The most important conceptual shift in Goldman's June 2026 analysis is the evolution of the primary risk. Upward revisions to earnings have temporarily alleviated classic valuation concerns. However, the bank now warns that the real danger is an "earnings bubble": if earnings growth disappoints, or if the cyclical investment peak arrives, the market could shift from worrying about high multiples to confronting the fact that earnings themselves are unsustainable. The implication is that investor sensitivity to narrative changes is rising, and prices have already embedded a great deal of optimistic expectations.
Goldman Sachs estimates that between 2025 and 2030, hyperscale cloud firms will spend a total of $5.3 trillion on AI and data center infrastructure. The bank describes this as an unprecedented capital expenditure supercycle, and it warns that this wave of spending is not only unsustainable but is actively eroding the financial returns of the largest technology companies.
The bank's analysts explicitly state that consensus expectations for 2027 hyperscaler capex are "too conservative"—their own estimates suggest spending could reach roughly $1.1 trillion in 2027, compared to the roughly $920 billion expected by Wall Street, with a bullish scenario reaching $1.4 trillion.
On June 2, 2026, Goldman Sachs trader Lee Coppersmith issued a stark warning: while the index-level rally appears smooth, the underlying dynamics are becoming "increasingly unsettling." He noted that market bets on AI have evolved from being fundamentally driven to a self-referential cycle amplified by market structure itself. Positions are more crowded, leverage is higher, and concentration is greater—yet the cost investors pay to protect against downside risk has fallen to historic lows. This dynamic masks broader economic softness, creating a fragile foundation for the rally.
The semiconductor sector has captured an outsized share of AI profits, and Goldman Sachs describes this concentration as unsustainable. Jim Covello, head of research at Goldman Sachs, continues to argue that 95% of enterprise organizations are yielding zero ROI from AI, and that the profit concentration in chipmakers is a structural fragility.
Covello has pointed out that in many ways, companies are losing more money today implementing this technology than they were two years ago.
Despite some hedge fund selling in semiconductor stocks recently, exposure to AI stocks within Goldman's TMT tracking basket remains close to all-time peaks.
The bank has proposed a relative-value trading strategy: go long on hyperscale cloud providers and underweight semiconductors, arguing that the market has yet to price in the risk of a capex slowdown hitting chipmakers hardest.

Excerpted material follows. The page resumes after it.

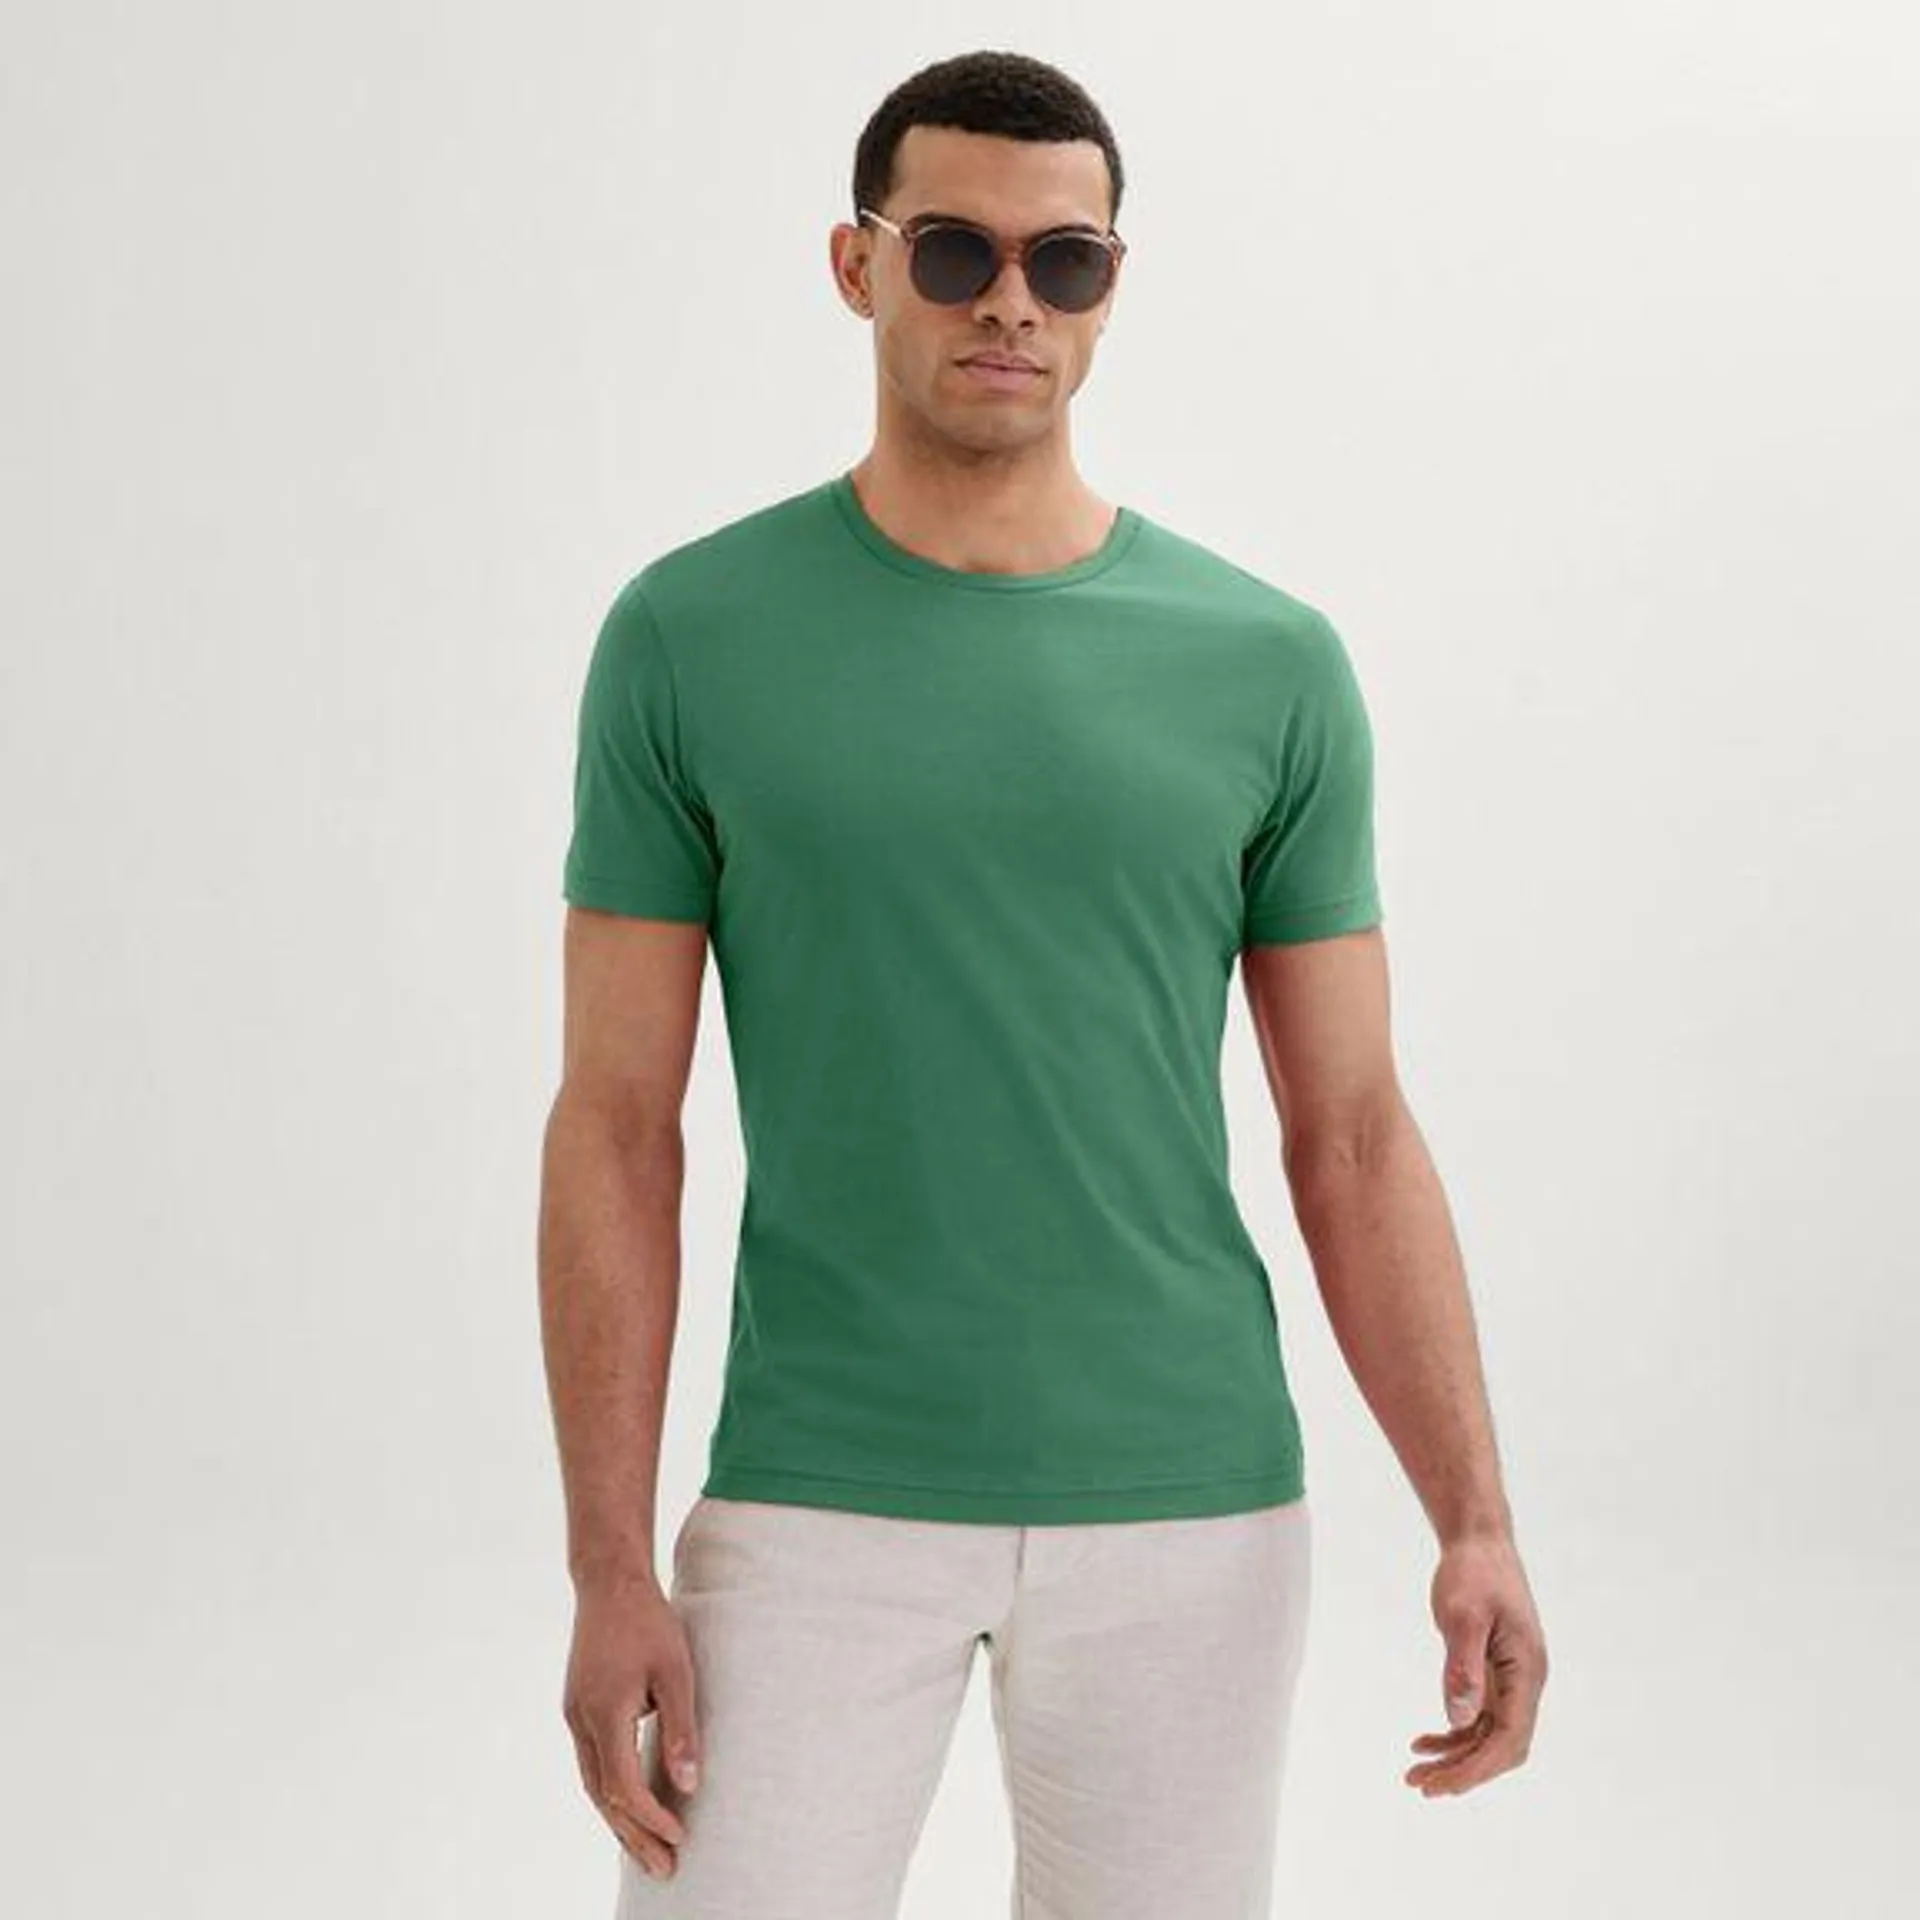 Pine green t-shirt

Goldman Sachs has not recommended exiting AI stocks. Instead, the bank's core message is to stay invested but hedge downside risks. The bank characterized the $1.3 trillion AI selloff in late May/early June 2026 as a "stress test" rather than a lasting trend shift, and its composite sentiment gauge showed that positioning was not yet dangerously crowded.
At the same time, Goldman Sachs raised its year-end S&P 500 target, while separately flagging that excessive speculative activity and high valuations are the two primary risks that have historically ended bull markets.
The bank's overall stance is "constructive on equities" with a preference for maintaining AI exposure, but with heightened awareness of concentration risk, rising volatility, and the need for protection against a potential capex slowdown or earnings disappointment. In effect, Goldman Sachs is telling investors to prepare for a market where the narrative can turn faster than the fundamentals—and where the biggest risk may not be being wrong about AI, but being overexposed when the cycle turns.